My son has received an Ithaca Model 37 shotgun for his birthday. This gun was purchased by my father in law from a friend. The original owner was the friends father, who is now dead. The only issue is that the gun has the original owners name and drivers license number engraved on it. 
If my son (or I) are checked by a CO while hunting, how can I prove that it is my sons? I do not want to carry a bill of sale or otherwise for the next 50 years?
It would be tough to remove the engraving w/o compromising the receiver.
Lundman


----------



## Big Frank 25 (Feb 21, 2002)

Why would a CO be interested in ownership of the gun? Hopefully you have a bill of sale in a safe place.


----------



## wrenchman (Jun 23, 2003)

he has to prove you stole it not the other way around and if has was to run the lic he would find a dead man.


----------



## bigcountrysg (Oct 9, 2006)

You should be able to register it in your name. I know I said that word everyone hates to hear with firearms. But you should be able to take the bill of sale and go to the County Sherriffs office and have it registered in your name.


----------



## GIDEON (Mar 28, 2008)

bigcountrysg said:


> You should be able to register it in your name. I know I said that word everyone hates to hear with firearms. But you should be able to take the bill of sale and go to the County Sherriffs office and have it registered in your name.


 I have never heard of a shot gun being registered. You dont have to prove anything.


----------



## bigcountrysg (Oct 9, 2006)

GIDEON said:


> I have never heard of a shot gun being registered. You dont have to prove anything.


It is a smart thing to do. They put your information on record to go with the firearm. If it gets stolen they can run the serial number and the gun will come back to you. I have one shotgun registered I know Lenawee County used to do it. I am not sure if they still do or not.


----------



## sourdough44 (Mar 2, 2008)

This is a non-issue. There are plenty of guns used with others names & initials on them. If it's yours/the families no worries.
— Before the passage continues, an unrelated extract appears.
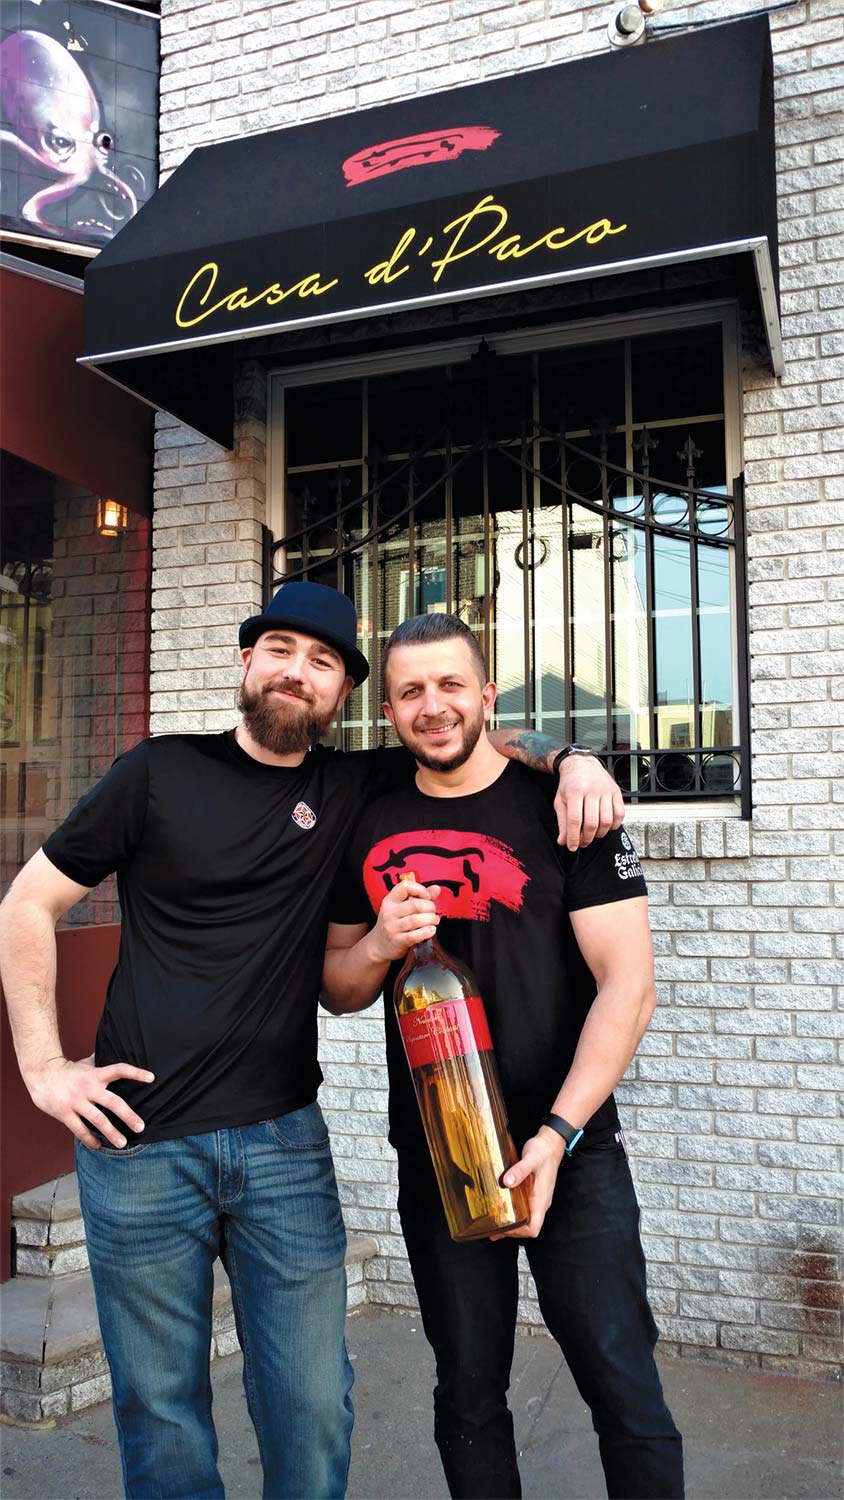 Casa d’Paco owner Angel Leston (left) and Todor, the bartender who created the drink. Trophy by GlassRoots, Newark.

If someone wanted to you could go to an FFL(most likely at sale/transfer/gifting time) & let them run the 4473 form with you. Of course you have to with an out of state transfer or purchase from a dealer/FFL. As a buyer I'd rather not do this if not required. I can see where it may give some peace of mind to some sellers. It would also add $40 or so to the transaction cost.


----------



## boehr (Jan 31, 2000)

Lundman said:


> ...If my son (or I) are checked by a CO while hunting, how can I prove that it is my sons? I do not want to carry a bill of sale or otherwise for the next 50 years?
> It would be tough to remove the engraving w/o compromising the receiver.
> Lundman


Don't worry about it, as stated, non issue.


----------



## Lundman (Apr 27, 2007)

I appreciate your replays.
Lundman


----------